Your goal
Print a faithful copy of the data below, word for word, with the pictures left out.

Supplied data
+ + +

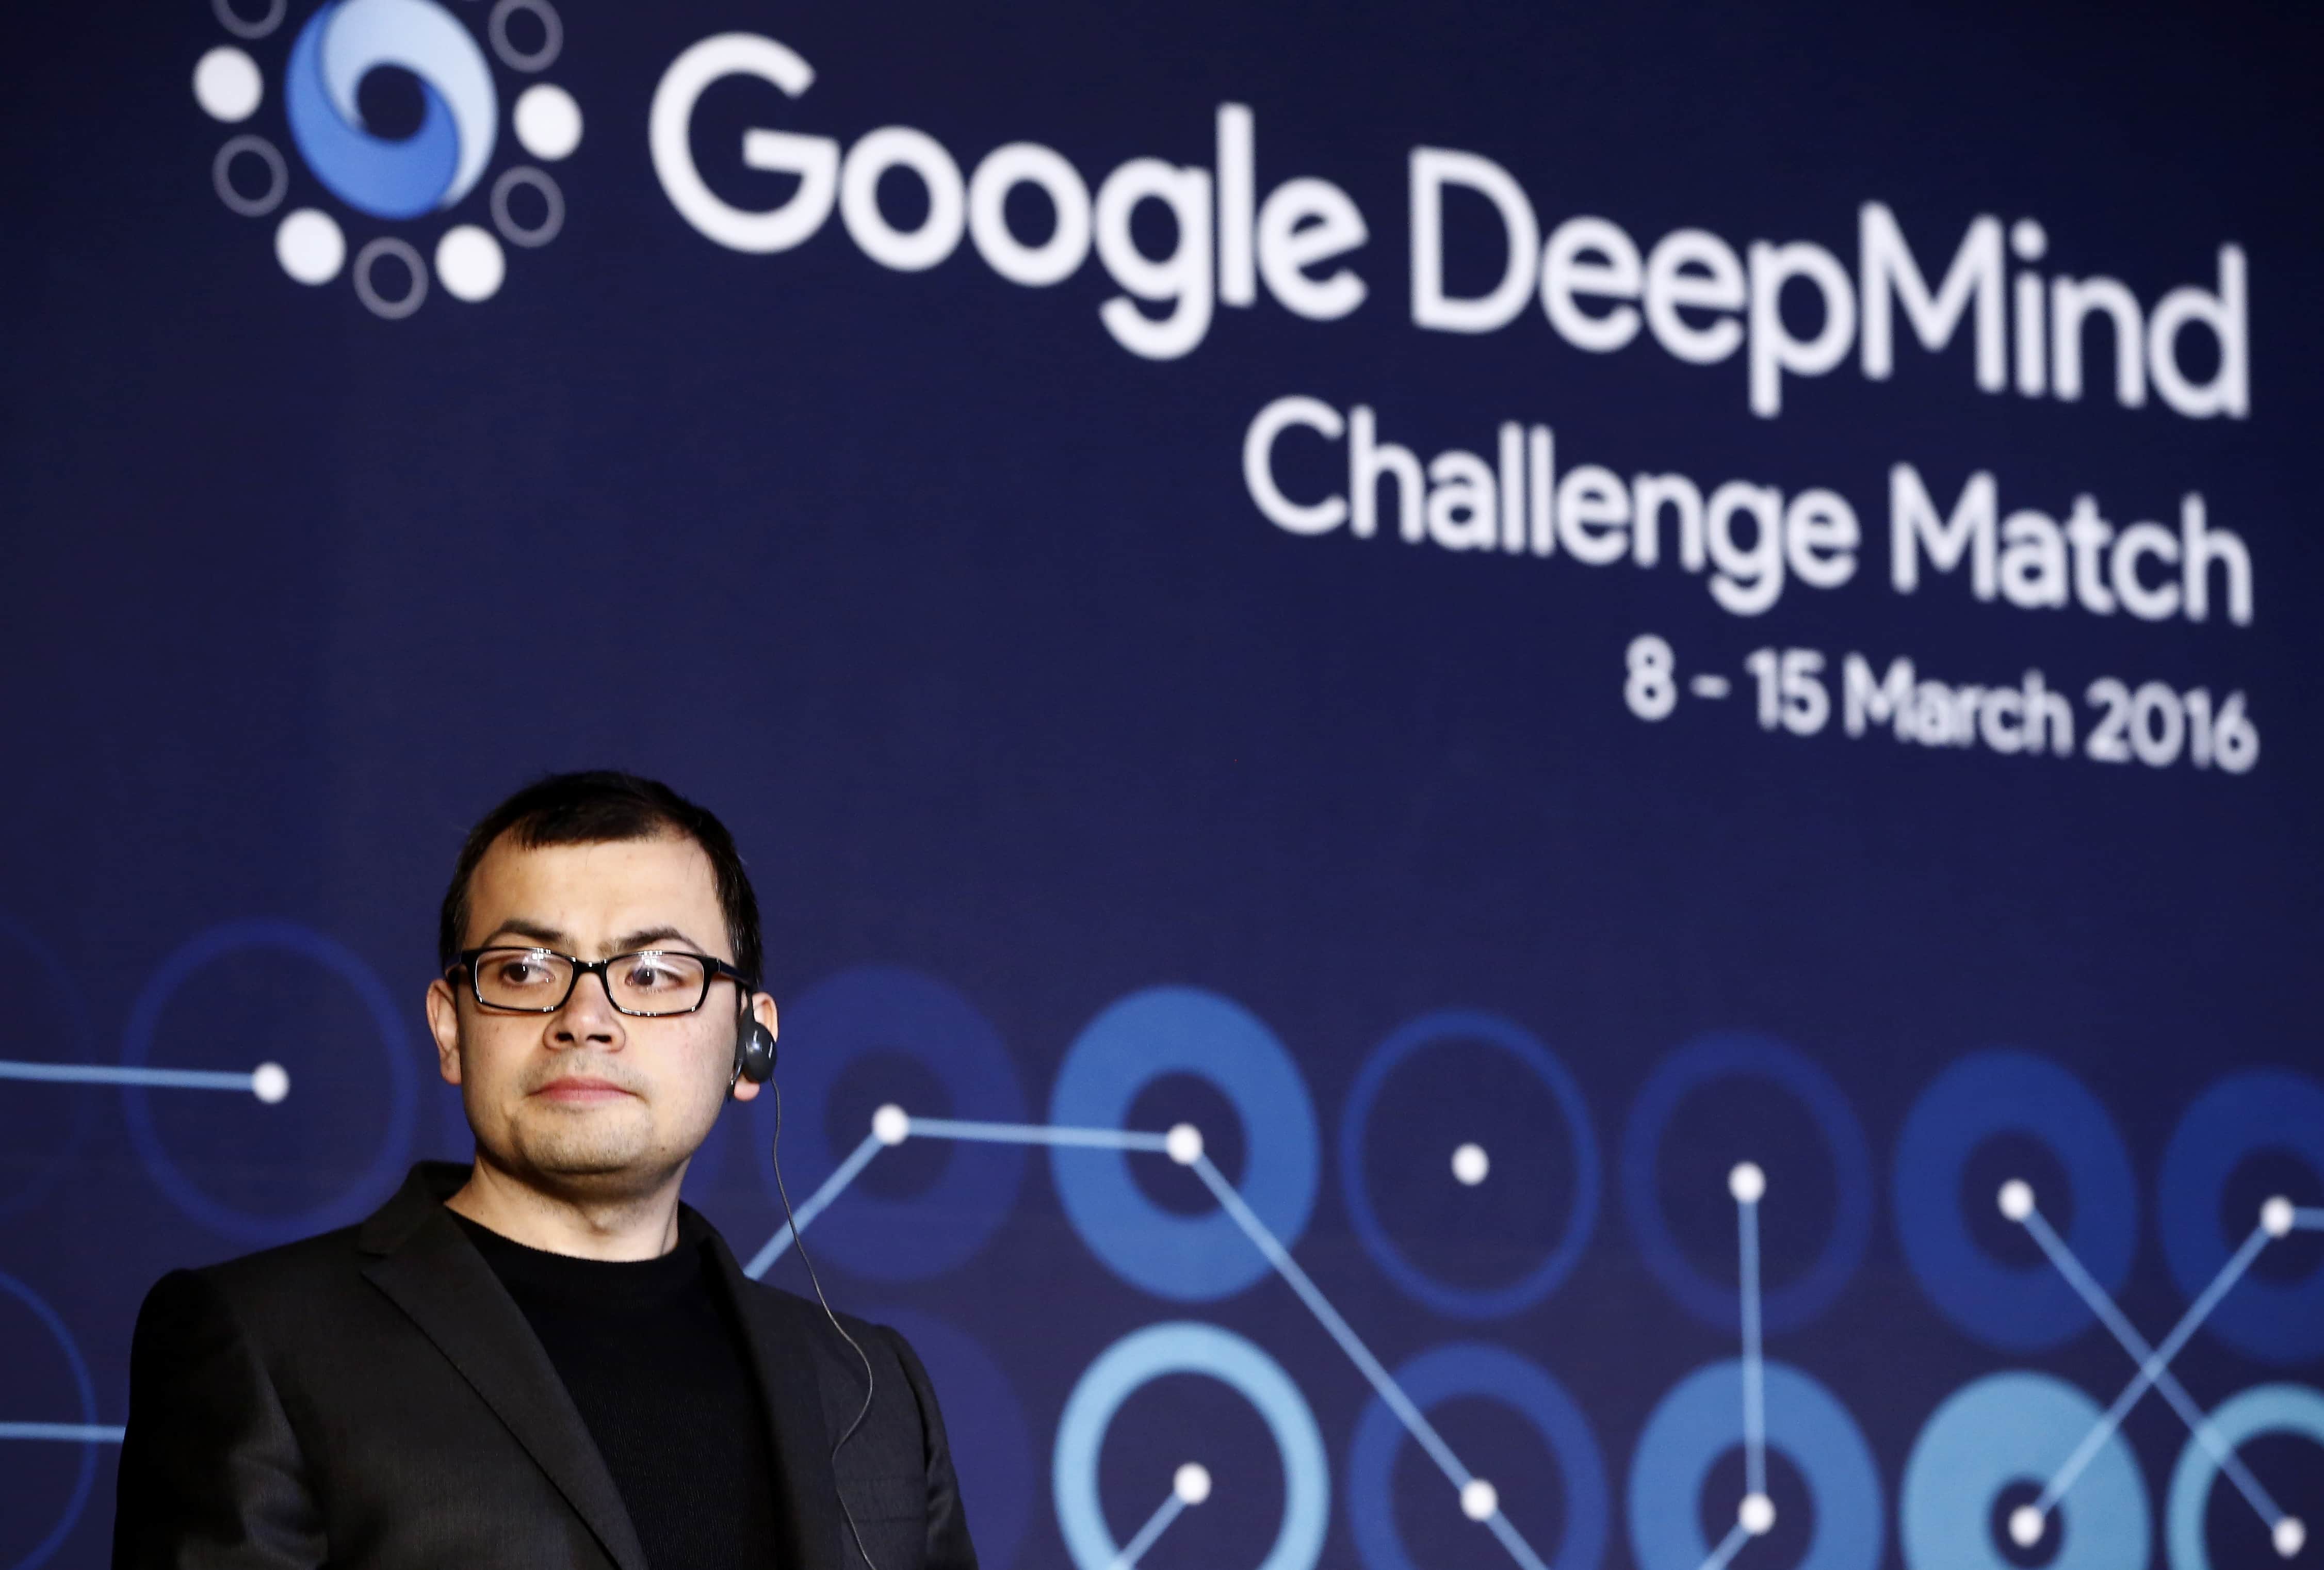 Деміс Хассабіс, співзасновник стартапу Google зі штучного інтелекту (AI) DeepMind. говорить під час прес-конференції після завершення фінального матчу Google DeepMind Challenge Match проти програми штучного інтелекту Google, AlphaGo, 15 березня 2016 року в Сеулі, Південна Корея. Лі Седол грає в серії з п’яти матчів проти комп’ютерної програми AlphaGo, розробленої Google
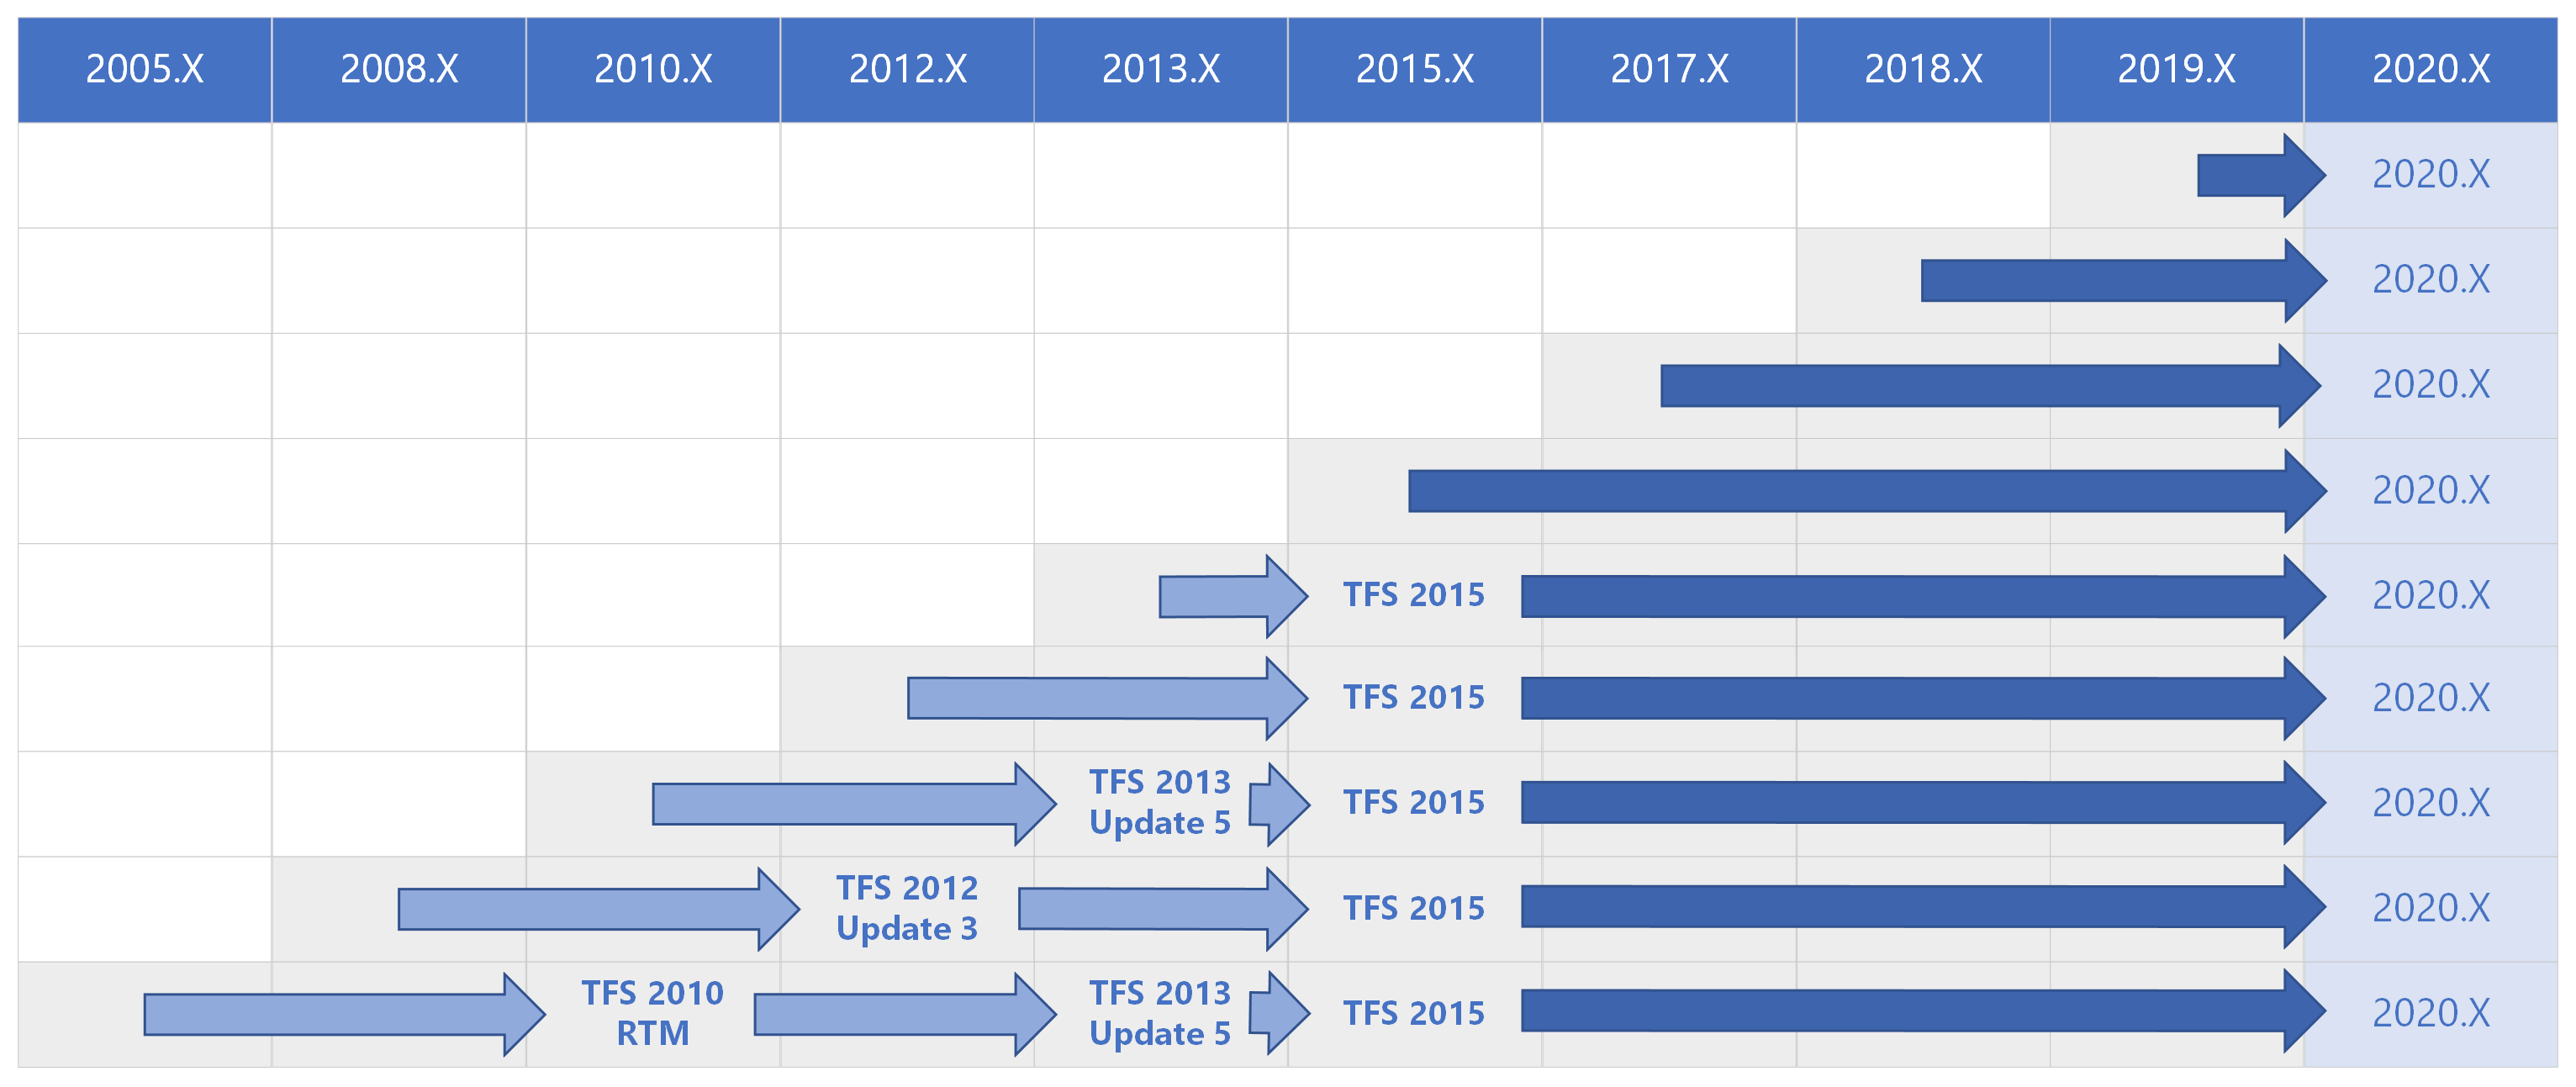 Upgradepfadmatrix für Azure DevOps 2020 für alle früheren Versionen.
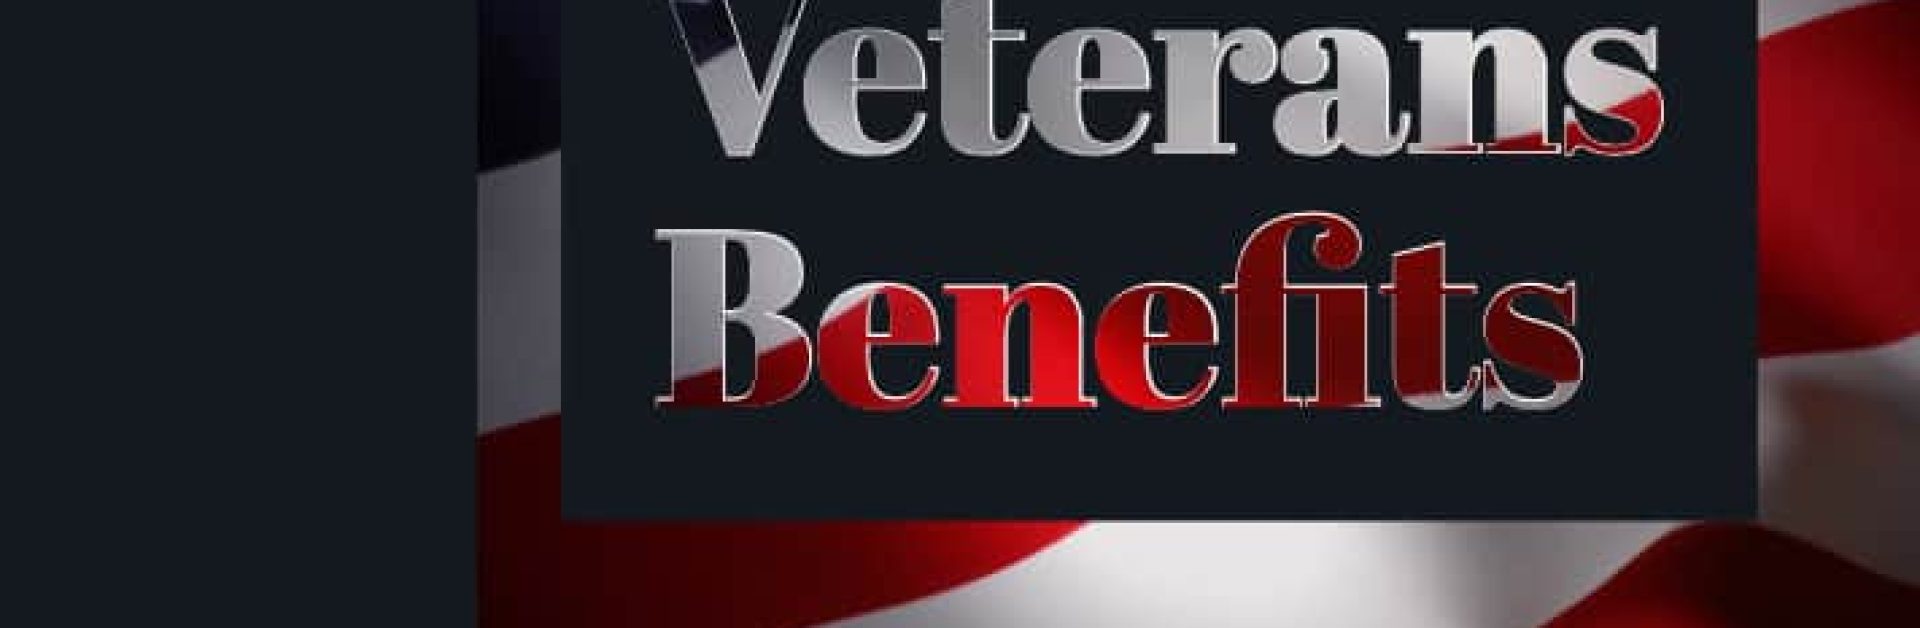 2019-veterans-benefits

+ + +

Task response
 Деміс Хассабіс, співзасновник стартапу Google зі штучного інтелекту (AI) DeepMind. говорить під час прес-конференції після завершення фінального матчу Google DeepMind Challenge Match проти програми штучного інтелекту Google, AlphaGo, 15 березня 2016 року в Сеулі, Південна Корея. Лі Седол грає в серії з п’яти матчів проти комп’ютерної програми AlphaGo, розробленої Google
 Upgradepfadmatrix für Azure DevOps 2020 für alle früheren Versionen.
 2019-veterans-benefits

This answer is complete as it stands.